Transform Nodes
Transform nodes apply CXL expressions to each record, producing new fields, filtering records, or both. They process one record at a time in streaming fashion with constant memory overhead.
Basic structure
- type: transform
name: enrich
input: customers
config:
cxl: |
emit full_name = first_name + " " + last_name
emit tier = if lifetime_value >= 10000 then "gold" else "standard"
filter status == "active"
The cxl: field is required and contains a CXL program. The three core CXL statements for transforms are:
emit– produces an output field. Only emitted fields appear in downstream nodes.filter– drops records that do not match the boolean condition.let– binds a local variable for use in subsequent expressions (not emitted).
cxl: |
let margin = revenue - cost
emit product_id = product_id
emit margin = margin
emit margin_pct = if revenue > 0 then margin / revenue * 100 else 0
filter margin > 0
Analytic window
The analytic_window field enables cross-source lookups by joining a secondary dataset into the transform. The secondary source is loaded into memory and indexed by the join key.
- type: transform
name: enrich_orders
input: orders
config:
analytic_window:
source: products
on: product_id
group_by: [product_id]
cxl: |
emit order_id = order_id
emit product_name = $window.first()
emit quantity = quantity
emit line_total = quantity * price
The $window.* namespace provides access to the windowed data.

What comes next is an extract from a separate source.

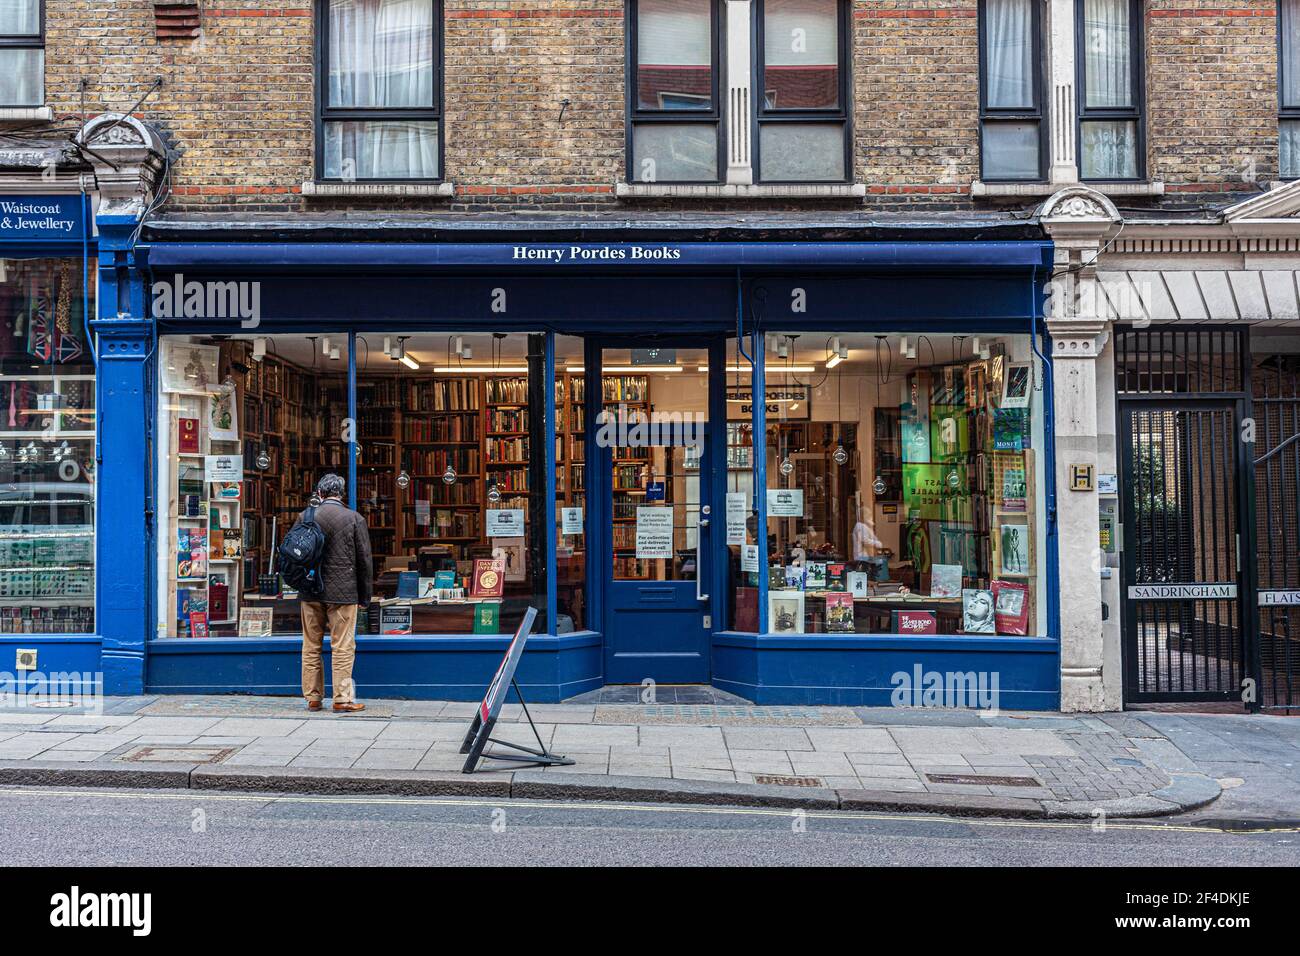 Henry Pordes Books, Charing Cross Road, Central London, England, UK. Stock Photo

Functions like $window.first(), $window.last(), and $window.count() operate over the matched group.
Validations
Declarative validation checks can be attached to a transform. They run against each record and either route failures to the DLQ (severity error) or log a warning and continue (severity warn).
- type: transform
name: validate_orders
input: raw_orders
config:
cxl: |
emit order_id = order_id
emit amount = amount
emit email = email
validations:
- field: email
check: "not_empty"
severity: error
message: "Email is required"
- check: "amount > 0"
severity: warn
message: "Non-positive amount"
- field: order_id
check: "not_empty"
severity: error
Validation fields
| Field | Required | Description |
|---|---|---|
field | No | Restrict the check to a single field |
check | Yes | Validation name (e.g. "not_empty") or CXL boolean expression |
severity | No | error (default) routes to DLQ; warn logs and continues |
message | No | Custom error message for DLQ entries |
name | No | Validation name for DLQ reporting. Auto-derived from field + check if omitted |
args | No | Additional arguments as key-value pairs |
Expansion cap (max_expansion)
When a transform body contains an emit each statement, every input record can fan out into multiple output records. The max_expansion field caps how many output records a single input record may produce – a safety bound against unexpectedly large arrays.
- type: transform
name: explode_items
input: orders
config:
max_expansion: 5000 # default: 10000
cxl: |
emit each it in items {
emit order_id = order_id
emit sku = it["sku"]
emit price = it["price"]
}
| Field | Type | Default | Description |
|---|---|---|---|
max_expansion | u64 | 10000 | Maximum cumulative output records per input record. |
If a single input record’s emit each block produces more than max_expansion output records, the originating record routes to the DLQ with category expansion_limit_exceeded instead of producing a truncated or unbounded result. No partial output is emitted for that record – the cap is enforced eagerly so the writer never sees records from a runaway expansion.
When to tune
- Lower (e.g.
100,1000) when input arrays are bounded by a known business rule and you want hostile or malformed input to surface as a DLQ entry rather than as a flood of downstream records. - Higher (e.g.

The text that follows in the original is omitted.